Bulgarian Roman Catholic bishop (born 1950)

Georgi Ivanov Yovchev (Георги Иванов Йовчев; born 6 May 1950) is a Bulgarian Roman Catholic prelate, who served as a bishop of the Diocese of Sofia and Plovdiv from 1995 until his retirement in 2025.

==Early life and education==
Georgi Ivanov Yovchev was born in Sekirovo, a part of the town of Rakovski, Bulgaria and was educated at Professional School of Agriculture in Belozem where he studied internal combustion engines. His military service was in Sofia. Because of the Communist regime, he secretly prepared for the priesthood, being parish priest in Plovdiv, Rakovski, Kaloyanovo, Duvanlii and Zhitnitsa.

==Religious career==
On 9 May 1976, Yovchev was ordained Catholic priest by Bishop Bogdan Dobranov. He studied theology at the Pontifical Oriental Institute in Rome, Italy.

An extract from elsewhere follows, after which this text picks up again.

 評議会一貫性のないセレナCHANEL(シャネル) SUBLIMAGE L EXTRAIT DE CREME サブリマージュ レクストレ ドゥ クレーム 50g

On 6 July 1988, Jovcev became Apostolic Administrator of the Diocese of Sofia and Plovdiv and Titular Bishop of Lamphua. On 31 July 1988, he was consecrated bishop by Archbishop Francesco Colasuonno, Bishop Samuel Dzhundrin, AA and Exarch Metodi Stratiev, AA at Cathedral of St Louis, Plovdiv.

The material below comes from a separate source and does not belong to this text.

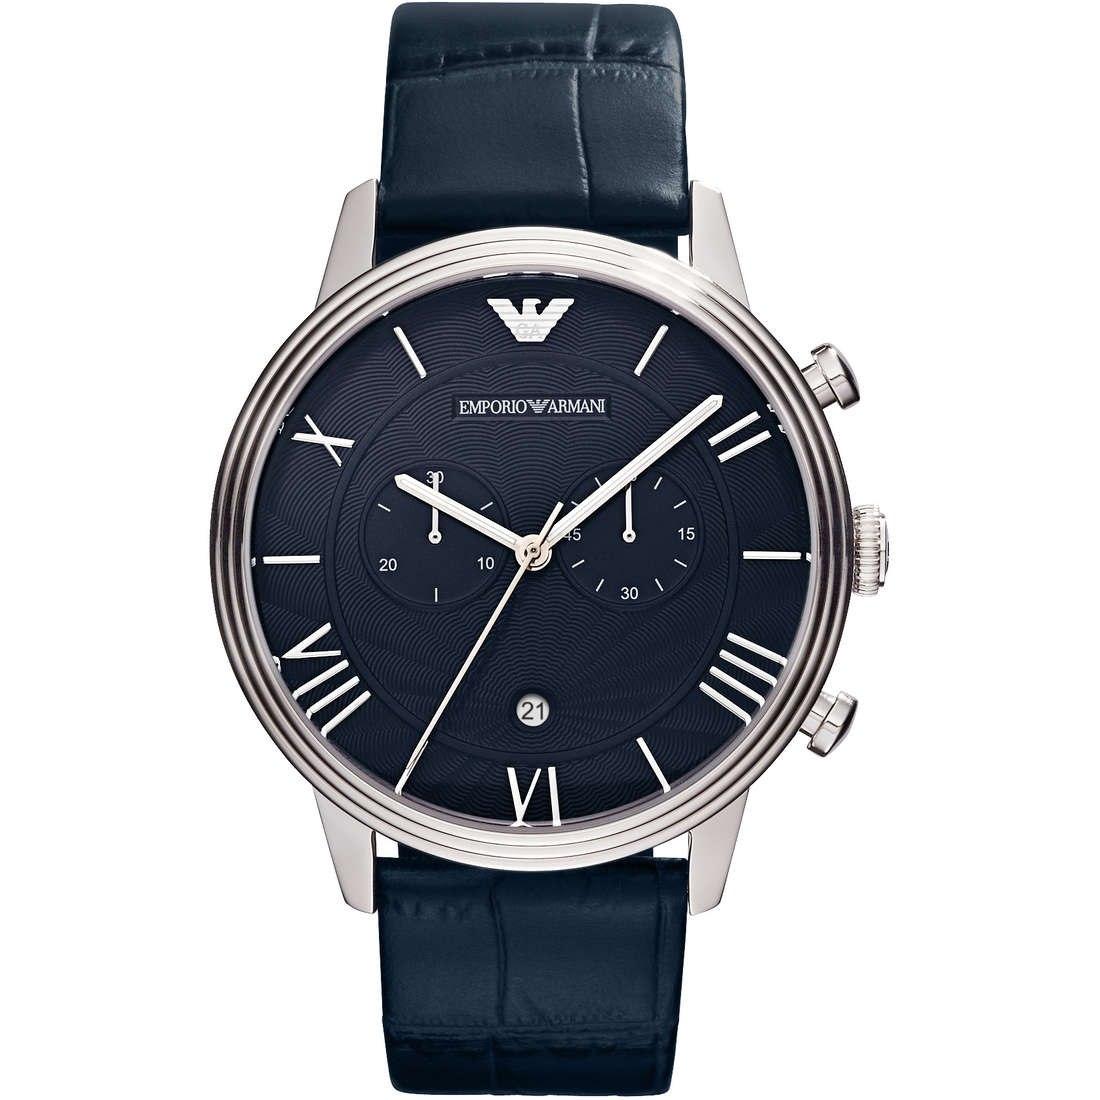 שעון יד EMPORIO ARMANI – אימפריו ארמני  AR1652

On 13 November 1995, he was appointed bishop of the Roman Catholic Diocese of Sofia and Plovdiv. Yovchev is a member of the Episcopal Conference of Bulgaria. In the Episcopal Conference of Bulgaria he was the chairman of various committees, including Congregation for Divine Worship and the Discipline of the Sacraments, Pontifical Council for Justice and Peace, Tip for Families, Council for Secular Parties and Council Catechism.

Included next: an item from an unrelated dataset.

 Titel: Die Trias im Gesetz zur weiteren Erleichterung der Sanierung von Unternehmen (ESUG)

In the spring of 2025, in connection with his 75th anniversary, Bishop Yovchev submitted his resignation as diocesan bishop. On 16 July of the same year, the Pope accepted his resignation and on the same day a thanksgiving liturgy was celebrated in the Cathedral of St. Ludwig in Plovdiv, attended by Bishops Petko Valov, Strahil Kavalenov, Rumen Stanev and Christo Proykov, as well as priests from the diocese.

==Awards==
Yovchev was awarded with the Grand Cross of the Order pro merito Melitensi, from the Order of Malta, on 19 June 2009 in the city of Rakovski, Bulgaria.

==Collaboration with Communist regime's secret service==
In 2012, Bishop Yovchev was charged that in 1987 he was recruited by the Bulgarian secret service. He called all these accusations as slander.